I do not think that there is an accepted theory which explains how the solar system evolved and why the planets are in their current stable orbits.

It is my understanding that a correct theory starts with a rotating mass of gas contracting due to gravity. As this mass contracts, it spins faster due to conservation of angular momentum, with most of the mass ending up in the sun.

At various stages of contraction, the rotational velocity of mass at particular distances from the center exactly balanced the gravitational force tending to pull that mass to the center.

All of the mass at each of these special distances initially formed a ring, which later collected into a planet.

I think (am not sure) that the above is a general description of what is believed to have happened. I do not think that anybody has been able to come up with a well worked out theory and good equations to back up the overall concept.

It is my guess that a super computer given a proper set of initial conditions might be able to provide a simulation leading to the solar system as it is today, based on a theory somewhat like that described. We might not have enough computing power to do such a simulation.

If we had the computing power and a knowledge of the proper equations, it could still be a formidable task. The equations might not be time reversable, requiring us to guess at the initial conditions. You might have to make thousands (millions, billions, more?) of guesses before you hit on a set of conditions leading to a stable solar system. For each guess you would have to run a simulation that could take a lot of computer time.

The above is my SWAG, based on various articles I have read and partially understood.
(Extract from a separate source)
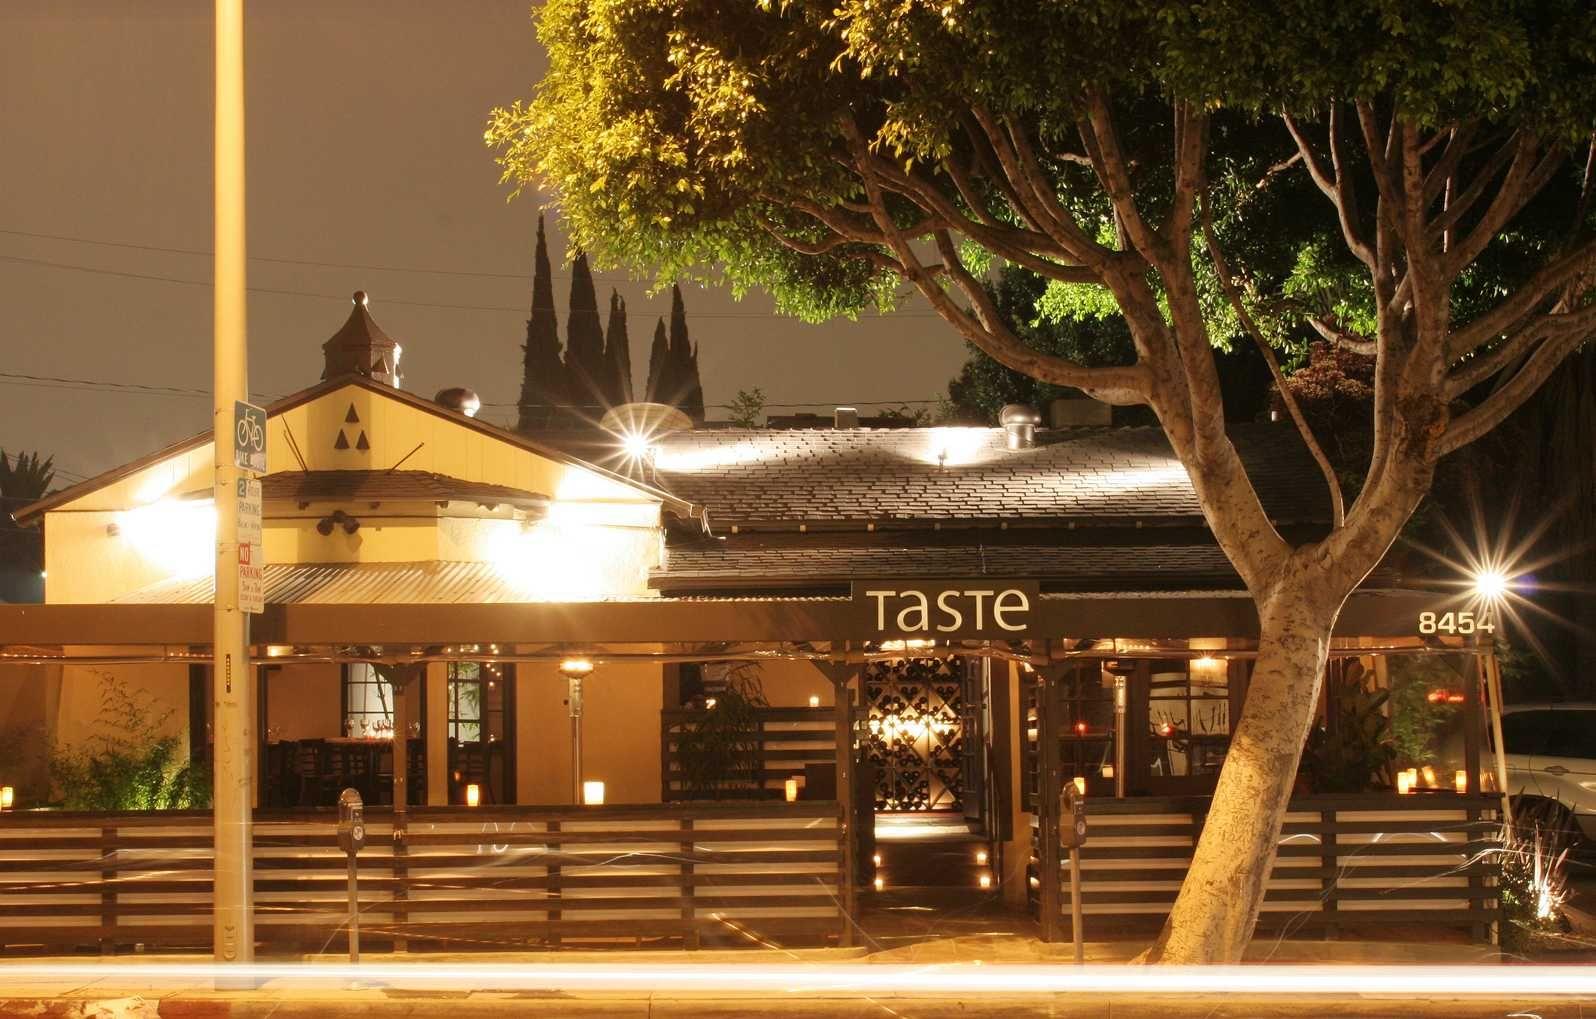 Taste On Melrose In Los Angeles Is One Of My Fav Spots In La They

If somebody knowledgable in this subject disagrees, I will not argue hard for my views.

BTW: For those not familiar with technical jargon, A WAG is a Wild Assed Guess, and a SWAG is a Sophisticated Wild Assed Guess.

Dinosaur,

Such simulations already exist, and they produce solar systems similar to ours when you run them. We know all the relevant equations. Simple Newtonian physics is sufficient.

A slightly more philosophical approach.. :)

Our solar system and the stable orbit of Earth is probably a very improbable configuration for solar systems in general (correct me if I'm wrong here). But that doesn't mean that there is some theory we have missed out on that should explain this, for it doesn't matter if its very improbable.

The reason is simple. We could not be here to ask ourselves these questions if the orbit of Earth was elliptic or somehow unstable, because we would not exist. So its very logical that Earth has an almost circular orbit and its nothing to ponder about.

Just a thought.

It really depends on how far you want the explanation to go. One way (the most basic and elementary way) to explain why earth (or any other planet) does not leave its orbit is because all forces compensate. There simply is no force that can drive us towards the sun or away.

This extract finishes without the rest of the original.